Peter Pan Collar

Example: Outcome
Figure A shows the collar that will be created in the step-by-step instructions below. Seam allowance, cutting instructions etc., have not been added.
Instructions (Peter Pan Collar) – Figure 1
- Trace the top part of the Bodice Front.
- Put the Bodice Back down with the shoulder line matching and touching at the neck point.
- Pivot the Bodice Back as shown, so that the blocks overlap at the shoulder point for 0.75-inch.
- Trace the top part of the Bodice Back.

Instructions (Peter Pan Collar) – Figure 2
Decide the width you want for your collar; I am making this 3-inches wide.- Draw the collar line on your blocks as shown; I have marked 3-inches down the Center Back (point A), on the shoulder line (point B) and down the Center Front (point C), and joined these three points with a curve.
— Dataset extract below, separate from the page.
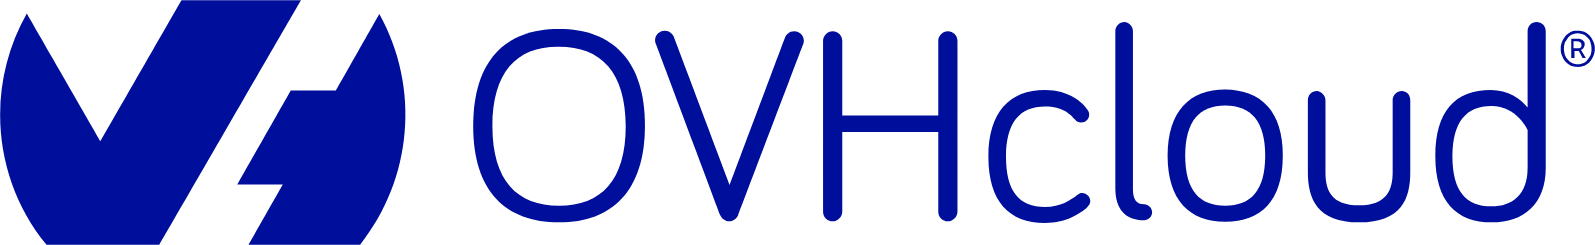 OVH Groupe logo large (transparent PNG)

Instructions (Peter Pan Collar) – Figure 3
- Draw the neckline curve from point D at the back, to point E at the front, touching at the shoulder point.
- Mark two notches as shown; the neckline and the shoulder line.
- The pattern piece is the shaded yellow area.

Instructions (Peter Pan Collar) – Figure 4a
- Trace the collar piece.
- Turn the tracing paper over and match up the CB line.
- Check the neckline curve and the collar curve – see Figure 4b.

Instructions (Peter Pan Collar) – Figure 4b
This is to show you what the CB neckline may look like; smooth (A), pokes up a bit at CB (B), and dips down a bit (C). You need to smooth out that curve. You may also need to smooth out the collar edge at the CB if you did not make the design line was at right angles at the CB (which obviously I didn’t).
Instructions (Peter Pan Collar) – Figure 5
You need to make an under-collar* so that the seam-line does not show; since it is smaller, it will pull the seam-line under.- Shave 1/8-inch off the collar from the collar edge (not the neckline edge) – that is, 1/8-inch at the CB line, reducing to zero when moving towards the CF.
- Mark two notches either side of the CB neckline edge – about 1/4-inch from the CB line.
- label
- mark grain-line
- make sure you have all necessary notches
- add seam allowance
*Note: As I’ve mentioned previously, making an under-collar pattern piece is necessary in the fashion/garment production industry (if an under-collar is required). However, if I am making the pattern just for myself and I am doing everything (i.e. not relying on someone else to know what the process is), I just make the collar pattern piece and cut two of the fabric; then I trim the piece from the fabric for the under-collar. I prefer this to spending the time creating the second pattern piece.

2 Responses
Wow have been looking for this pattern for very long thank you for the information can you send the colour pattern.
Hi there,
Sorry but I really don’t understand what you mean by “sending you the colour pattern.”